= Task directions =
What is wanted is an exact copy of the lines from the top of the listing through the line containing "2016-09_Le_Monde_FARC.jpg".

= Data for analysis =
- Opening Delimiter -
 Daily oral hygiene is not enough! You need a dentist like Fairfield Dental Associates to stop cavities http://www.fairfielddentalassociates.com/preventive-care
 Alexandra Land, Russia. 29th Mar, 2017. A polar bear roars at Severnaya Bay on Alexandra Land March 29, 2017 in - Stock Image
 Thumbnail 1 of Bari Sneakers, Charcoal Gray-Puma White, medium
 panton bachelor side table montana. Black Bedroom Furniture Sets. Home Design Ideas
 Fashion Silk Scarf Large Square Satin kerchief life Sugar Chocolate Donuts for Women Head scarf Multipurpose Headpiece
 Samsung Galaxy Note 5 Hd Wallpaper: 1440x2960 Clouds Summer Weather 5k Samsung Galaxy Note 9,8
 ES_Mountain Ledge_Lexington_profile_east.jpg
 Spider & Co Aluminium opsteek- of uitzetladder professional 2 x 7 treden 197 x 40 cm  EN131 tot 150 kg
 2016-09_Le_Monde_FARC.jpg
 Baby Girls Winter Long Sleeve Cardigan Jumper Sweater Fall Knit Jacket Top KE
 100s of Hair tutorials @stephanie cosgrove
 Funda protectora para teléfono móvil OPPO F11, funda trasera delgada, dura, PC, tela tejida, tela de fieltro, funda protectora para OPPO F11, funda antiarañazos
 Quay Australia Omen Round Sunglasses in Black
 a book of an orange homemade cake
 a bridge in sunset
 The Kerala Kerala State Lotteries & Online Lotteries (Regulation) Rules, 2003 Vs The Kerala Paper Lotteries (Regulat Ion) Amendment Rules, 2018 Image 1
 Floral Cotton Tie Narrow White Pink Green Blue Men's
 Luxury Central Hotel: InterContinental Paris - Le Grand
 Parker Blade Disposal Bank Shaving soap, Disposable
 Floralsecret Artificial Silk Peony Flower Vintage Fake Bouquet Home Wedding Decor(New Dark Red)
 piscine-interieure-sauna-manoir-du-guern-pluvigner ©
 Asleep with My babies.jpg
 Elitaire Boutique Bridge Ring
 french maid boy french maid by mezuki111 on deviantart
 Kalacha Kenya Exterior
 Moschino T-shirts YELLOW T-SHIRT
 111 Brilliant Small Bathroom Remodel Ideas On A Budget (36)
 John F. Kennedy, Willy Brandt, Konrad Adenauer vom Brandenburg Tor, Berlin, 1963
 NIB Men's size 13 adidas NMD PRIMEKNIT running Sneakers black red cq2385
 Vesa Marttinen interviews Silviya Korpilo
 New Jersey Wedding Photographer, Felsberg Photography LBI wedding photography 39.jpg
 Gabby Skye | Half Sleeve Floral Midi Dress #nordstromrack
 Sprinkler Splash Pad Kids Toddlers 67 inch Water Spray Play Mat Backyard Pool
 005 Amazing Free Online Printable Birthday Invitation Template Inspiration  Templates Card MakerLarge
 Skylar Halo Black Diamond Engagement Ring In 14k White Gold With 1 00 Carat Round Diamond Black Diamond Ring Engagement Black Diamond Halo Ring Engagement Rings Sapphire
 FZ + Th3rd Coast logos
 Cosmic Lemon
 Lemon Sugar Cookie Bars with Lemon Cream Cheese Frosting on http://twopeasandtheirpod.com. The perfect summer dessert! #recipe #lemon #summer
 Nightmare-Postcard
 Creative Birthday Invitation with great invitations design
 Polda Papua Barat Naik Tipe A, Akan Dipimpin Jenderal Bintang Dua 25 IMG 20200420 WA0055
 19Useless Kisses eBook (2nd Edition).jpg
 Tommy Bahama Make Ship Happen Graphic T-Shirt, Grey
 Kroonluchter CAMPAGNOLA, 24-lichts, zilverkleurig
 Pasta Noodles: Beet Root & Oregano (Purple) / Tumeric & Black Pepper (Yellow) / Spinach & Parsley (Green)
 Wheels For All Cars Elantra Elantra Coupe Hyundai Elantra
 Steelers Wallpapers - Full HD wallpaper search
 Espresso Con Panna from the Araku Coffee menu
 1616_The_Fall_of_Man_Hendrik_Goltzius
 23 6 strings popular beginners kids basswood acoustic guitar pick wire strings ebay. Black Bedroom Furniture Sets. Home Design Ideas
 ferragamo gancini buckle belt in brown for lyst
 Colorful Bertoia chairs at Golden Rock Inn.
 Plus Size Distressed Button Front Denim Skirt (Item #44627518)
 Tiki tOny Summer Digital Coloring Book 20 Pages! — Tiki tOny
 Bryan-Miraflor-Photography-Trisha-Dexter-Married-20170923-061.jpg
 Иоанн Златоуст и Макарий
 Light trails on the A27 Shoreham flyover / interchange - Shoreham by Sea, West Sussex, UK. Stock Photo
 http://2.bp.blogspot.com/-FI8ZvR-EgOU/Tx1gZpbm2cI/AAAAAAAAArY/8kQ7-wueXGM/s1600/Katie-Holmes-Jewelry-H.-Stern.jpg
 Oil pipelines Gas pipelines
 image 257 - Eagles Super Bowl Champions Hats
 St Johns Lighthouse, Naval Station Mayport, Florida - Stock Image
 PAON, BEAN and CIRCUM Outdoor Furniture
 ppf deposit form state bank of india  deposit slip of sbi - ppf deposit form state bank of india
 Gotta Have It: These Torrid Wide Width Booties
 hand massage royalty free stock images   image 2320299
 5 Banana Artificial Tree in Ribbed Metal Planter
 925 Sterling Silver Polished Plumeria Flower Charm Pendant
- Closing Delimiter -
= Solution below =
 Daily oral hygiene is not enough! You need a dentist like Fairfield Dental Associates to stop cavities http://www.fairfielddentalassociates.com/preventive-care
 Alexandra Land, Russia. 29th Mar, 2017. A polar bear roars at Severnaya Bay on Alexandra Land March 29, 2017 in - Stock Image
 Thumbnail 1 of Bari Sneakers, Charcoal Gray-Puma White, medium
 panton bachelor side table montana. Black Bedroom Furniture Sets. Home Design Ideas
 Fashion Silk Scarf Large Square Satin kerchief life Sugar Chocolate Donuts for Women Head scarf Multipurpose Headpiece
 Samsung Galaxy Note 5 Hd Wallpaper: 1440x2960 Clouds Summer Weather 5k Samsung Galaxy Note 9,8
 ES_Mountain Ledge_Lexington_profile_east.jpg
 Spider & Co Aluminium opsteek- of uitzetladder professional 2 x 7 treden 197 x 40 cm  EN131 tot 150 kg
 2016-09_Le_Monde_FARC.jpg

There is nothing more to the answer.